No verified exploit code is reproduced here. Refer to the Microsoft CVE-2023-21768 Update for vendor guidance and patch details.
Detection Methods for CVE-2023-21768
Indicators of Compromise
- Unexpected child processes of low-privileged users running with SYSTEM integrity, particularly cmd.exe, powershell.exe, or unsigned binaries.
- Process handles opened to \Device\Afd followed by abnormal NtDeviceIoControlFile calls from non-network applications.
- Modification of process token fields, including duplicated SYSTEM tokens appearing in user-launched processes.
Detection Strategies
- Monitor for token manipulation patterns where a non-elevated process suddenly acquires a SYSTEM token, a hallmark of token-stealing exploits built on kernel write primitives.
- Hunt for processes that open \Device\Afd outside of expected networking applications and issue uncommon IOCTL codes.
- Correlate Sysmon Event ID 1 (process creation) with Event ID 10 (process access) to surface privilege escalation chains from standard user contexts.
Monitoring Recommendations
- Enable Windows Defender Exploit Guard and kernel-mode code integrity (HVCI) where supported to constrain post-exploitation behavior.
- Forward Sysmon, Windows Security, and EDR telemetry to a central data lake and alert on parent-child mismatches indicating privilege jumps.
- Track patch compliance for the January 2023 Windows cumulative updates across all Windows 11 and Server 2022 endpoints.

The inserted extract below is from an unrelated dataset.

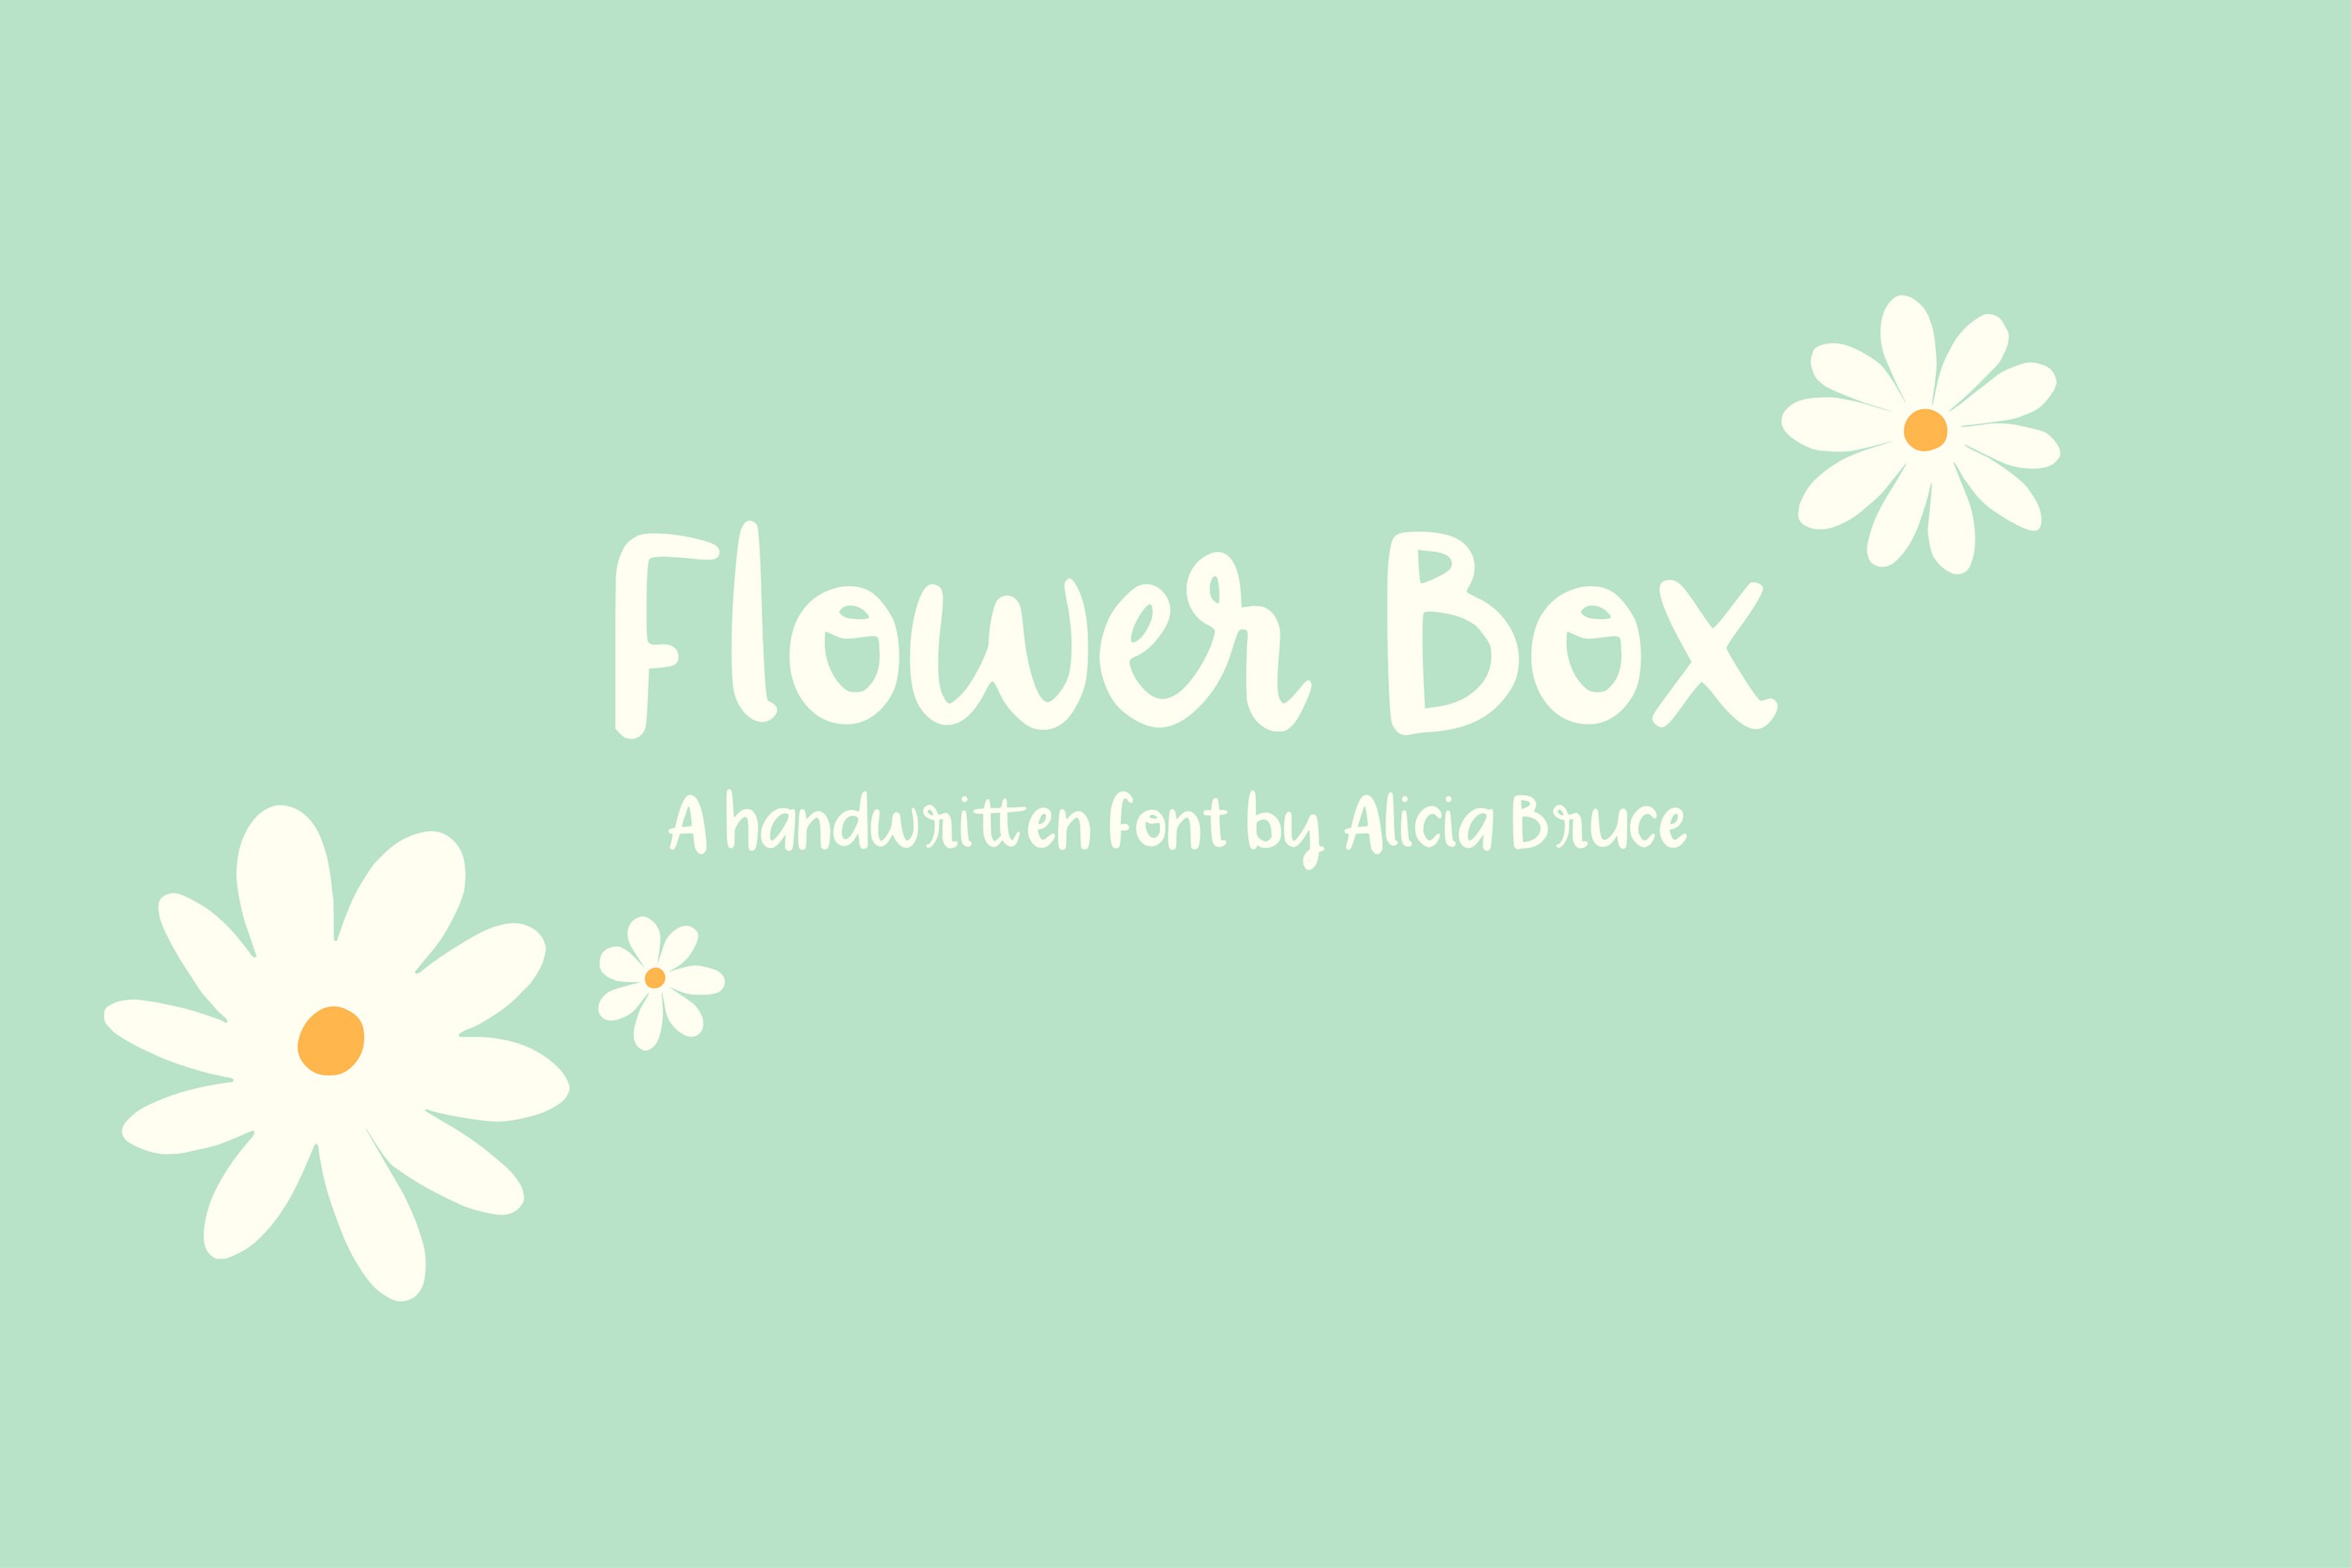 Flower Box - A Handwritten Font cover image.

How to Mitigate CVE-2023-21768
Immediate Actions Required
- Apply the January 2023 Windows security updates from Microsoft to all affected Windows 11 21H2, 22H2, and Windows Server 2022 systems.

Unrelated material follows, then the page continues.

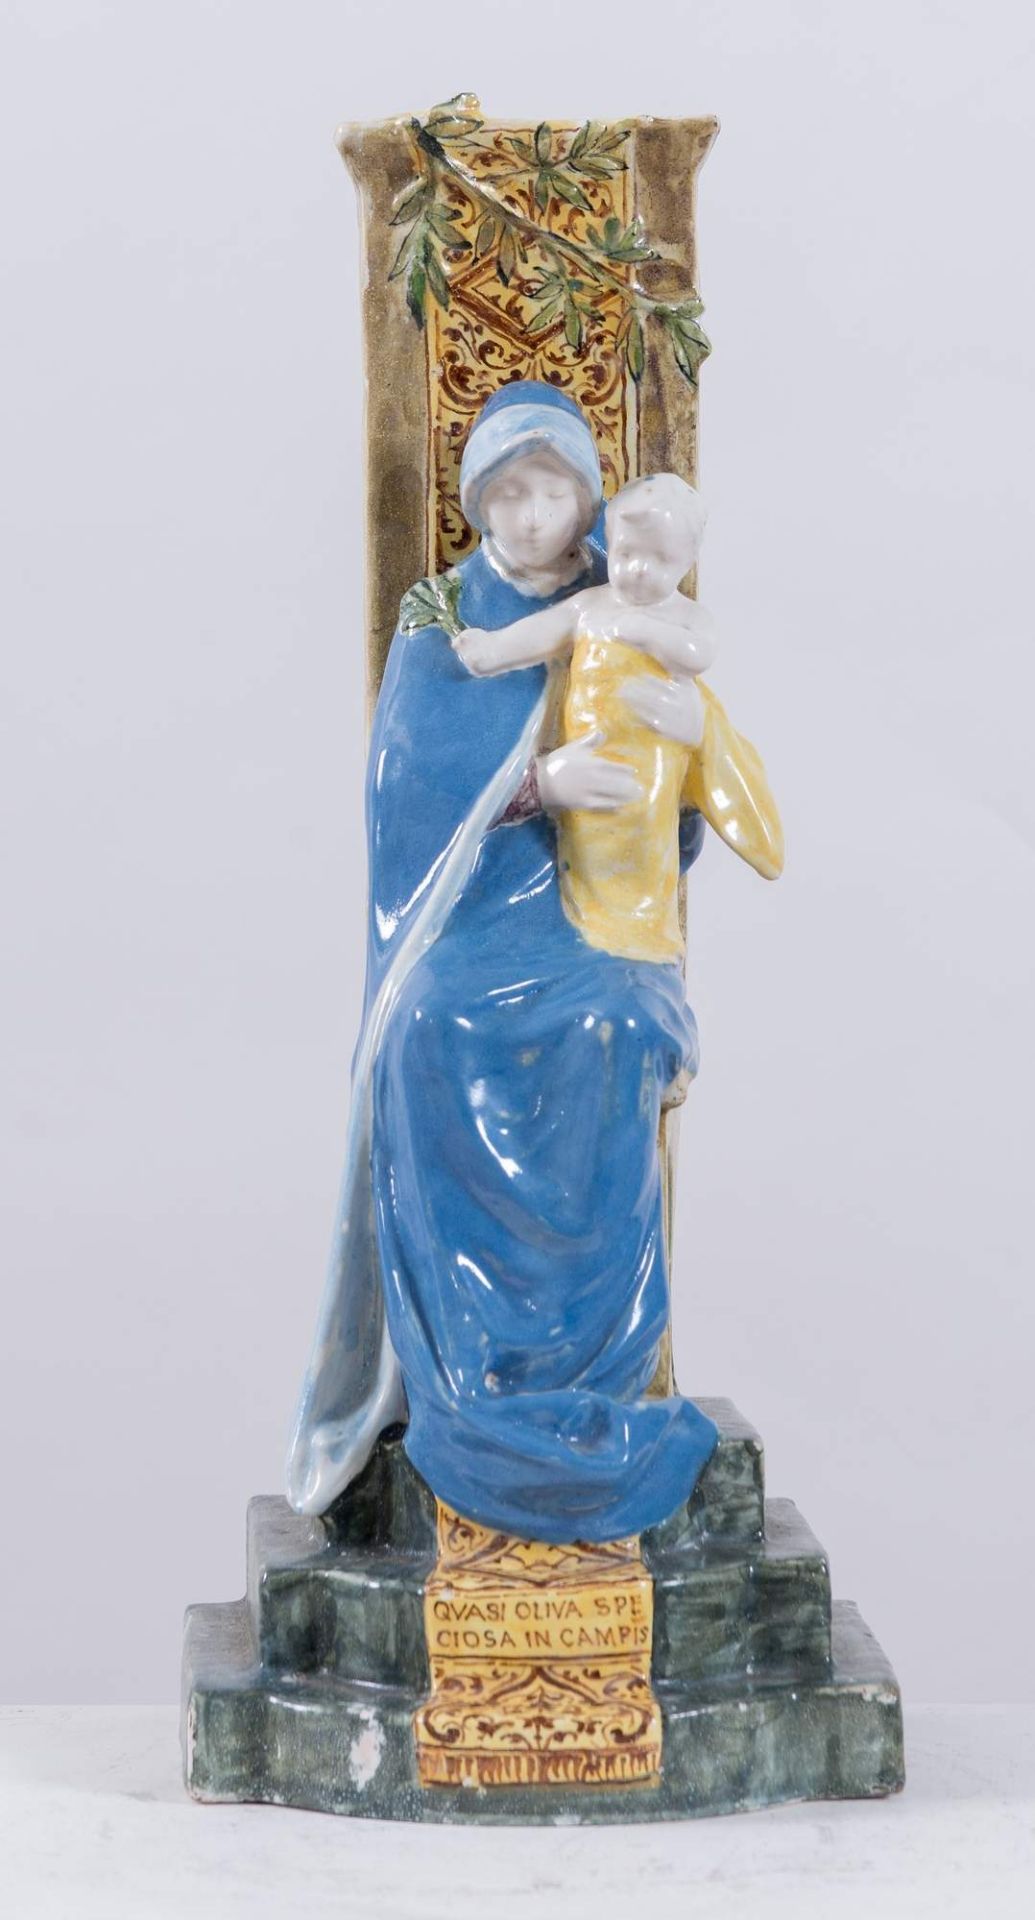 ANGELO MINGHETTI, Bologna, XX secolo. "Madonna in trono", realizzata in ceramica policroma. Cm 39,

- Audit endpoint inventories to identify hosts missing the cumulative update and prioritize remediation on multi-user systems, terminal servers, and developer workstations.

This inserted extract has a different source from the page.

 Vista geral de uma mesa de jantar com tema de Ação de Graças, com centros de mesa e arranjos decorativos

- Restrict local logon rights and remove unnecessary interactive access for standard users to reduce the local attack surface.
Patch Information
Microsoft released fixes through the January 10, 2023 cumulative updates. Consult the Microsoft CVE-2023-21768 Update advisory for KB numbers corresponding to each affected build. Installing the cumulative update replaces the vulnerable afd.sys driver with a version that validates user-supplied pointers.
Workarounds
- No supported workaround exists that disables afd.sys without breaking Windows networking; patching is the only complete remediation.
- Enforce application allowlisting via Windows Defender Application Control or AppLocker to block execution of unauthorized binaries that could deliver exploit code.
- Apply least-privilege policies and limit local administrative groups to reduce blast radius if exploitation occurs prior to patching.
# Verify patch level on Windows hosts (PowerShell)
Get-HotFix | Sort-Object InstalledOn -Descending | Select-Object -First 10
# Confirm afd.sys file version post-patch
Get-Item C:\Windows\System32\drivers\afd.sys | Select-Object VersionInfo
Disclaimer: This content was generated using AI. While we strive for accuracy, please verify critical information with official sources.